Payment Institutions and E-Money Institutions struggling to find a safeguarding account in the UK may be unaware of a potential new opportunity as a result of Brexit. But those firms looking to take advantage need to consider legal and practical implications.
Changes in legislation coming into effect from ‘Brexit Day’ basically expand the definition of “authorised credit institution” in the E-Money Regulations and Payment Services Regulations. As well as banks authorised in the UK or EEA, it will include “an approved foreign credit institution” which is defined as:
- the central bank of an OECD state
- a credit institution that is supervised by the central bank or other banking regulator of an OECD state
- any credit institution that—
- is subject to regulation by the banking regulator of a State that is not an OECD state
- is required by the law of the country or territory in which it is established to provide audited accounts
- has minimum net assets of £5 million (or its equivalent in any other currency at the relevant time)
- has a surplus of revenue over expenditure for the last two financial years, and
- has an annual report which is not materially qualified
The OECD States that are not members of the EEA are: Australia; Canada; Chile; Colombia; Israel; Japan; South Korea; Mexico; New Zealand; Switzerland; Turkey; and USA.
This change in the legislation clearly massively increases the range of banks who can be approached to provide a safeguarding account. This may be particularly helpful for businesses operating in corridors to those countries concerned, but it may not be as easy to get a compliant safeguarding account with banks outside the EEA as might initially seem to be the case.
The Payment Services and E-Money Directives harmonise laws across the EEA, which means each national jurisdiction will have laws broadly similar to the UK, so banks should have an understanding of the requirements. The concept of a safeguarding account is unlikely to be as familiar to banks outside the EEA, so payment and e-money institutions looking to use this option are likely to have to first explain the UK legislation and the requirements of a safeguarding account.
The FCA’s requirements of the safeguarding acknowledgment letter is set out in the Financial Conduct Authority’s (FCA) Finalised Guidance on 9 July 2020, and in particular the reference to the firm being a trustee (following on from the judgment in the Supercapital case) may require some explanation and involvement from the bank’s legal department.
The agreement requires that the bank has no right or interest over the funds in the account and the specific reference to the UK legislation is also likely to require legal input, with rights of set-off being different in different jurisdictions.

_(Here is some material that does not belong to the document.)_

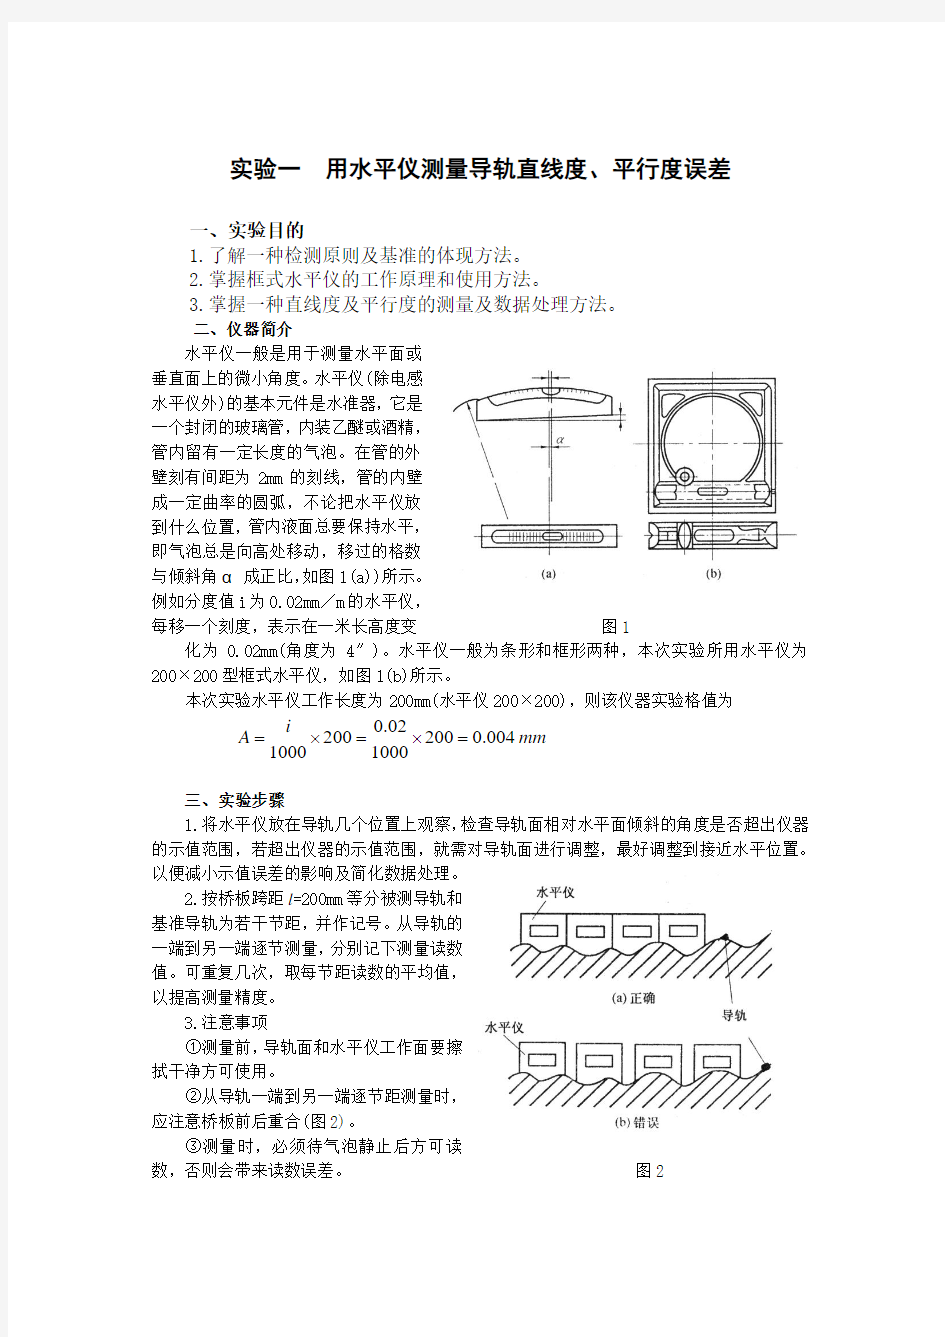 机械精度设计实验指导书2008
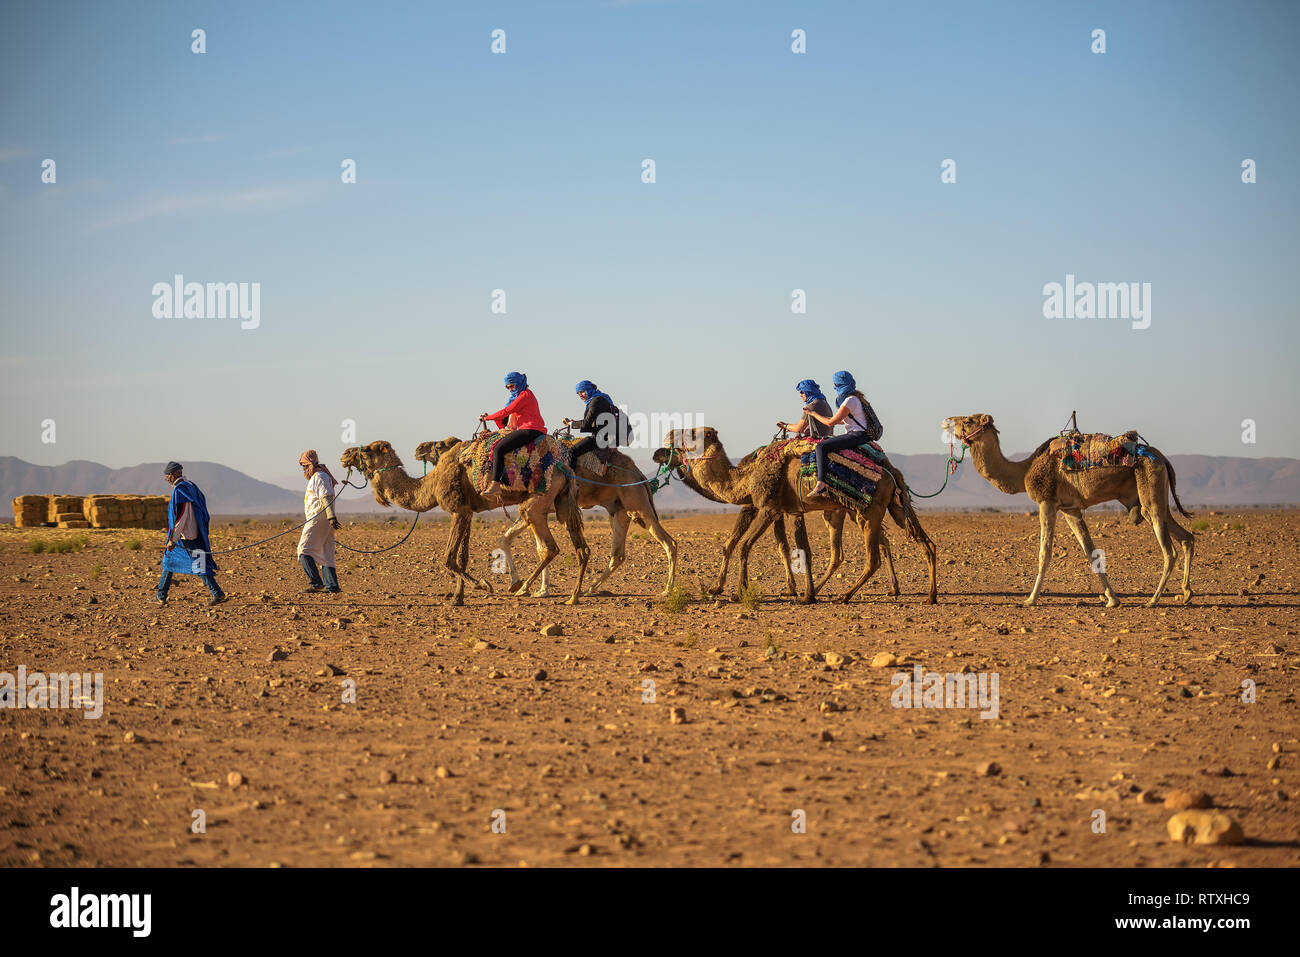 Caravana de camellos con turistas, atravesando el desierto del Sahara Foto de stock

Clauses 12 & 13 in the template letter and the question of which courts should have jurisdiction will be important, and the FCA are likely to want to have some confirmation that in the event of insolvency, the funds will be able to be distributed quickly.
Any firm looking to take advantage of this would therefore be advised to obtain local legal advice beforehand to make sure these points are addressed.
Beyond the legal questions there are practical questions that also need to be considered.
Time differences and “banking days”
If a safeguarding account is in a country which has a significant time difference with the UK (e.g. in the USA or Australia) and the payment or e-money institution is operating in the UK, then it raises the question of how the account can be managed to ensure that the correct amount of “relevant funds” are held. To add to this, there are likely to be differing public holidays which may mean that the account cannot be properly managed on days when the UK business is operating. The FCA will want to know how these issues are being addressed.
Anti-money laundering and financial crime considerations
Payment and e-money institutions are well aware that one of the areas of concern expressed by UK banks in offering safeguarding accounts is around AML and financial crime. This is likely to be the same for banks in other jurisdictions, with the added complexity of the firm being subject to UK rather than the bank’s national AML regulation.
This may result in additional requirements being set, or the bank being unwilling to take on such an unknown risk.
It should also be remembered that banks in other jurisdictions will not be bound by Regulation 105 obligations under the Payment Services Regulations. As you may recall this obliges banks to offer accounts on a POND (proportionate, objective and non-discriminatory) basis. It means that banks in other jurisdictions can turn applications down without giving any reason.
In summary, this does open new opportunities to obtain safeguarding accounts, and it may be that some foreign banks will see this as an opportunity to attract deposits from the sector, but any payment or e-money institutions considering this route should be aware of the legal and practical issues that need to be addressed.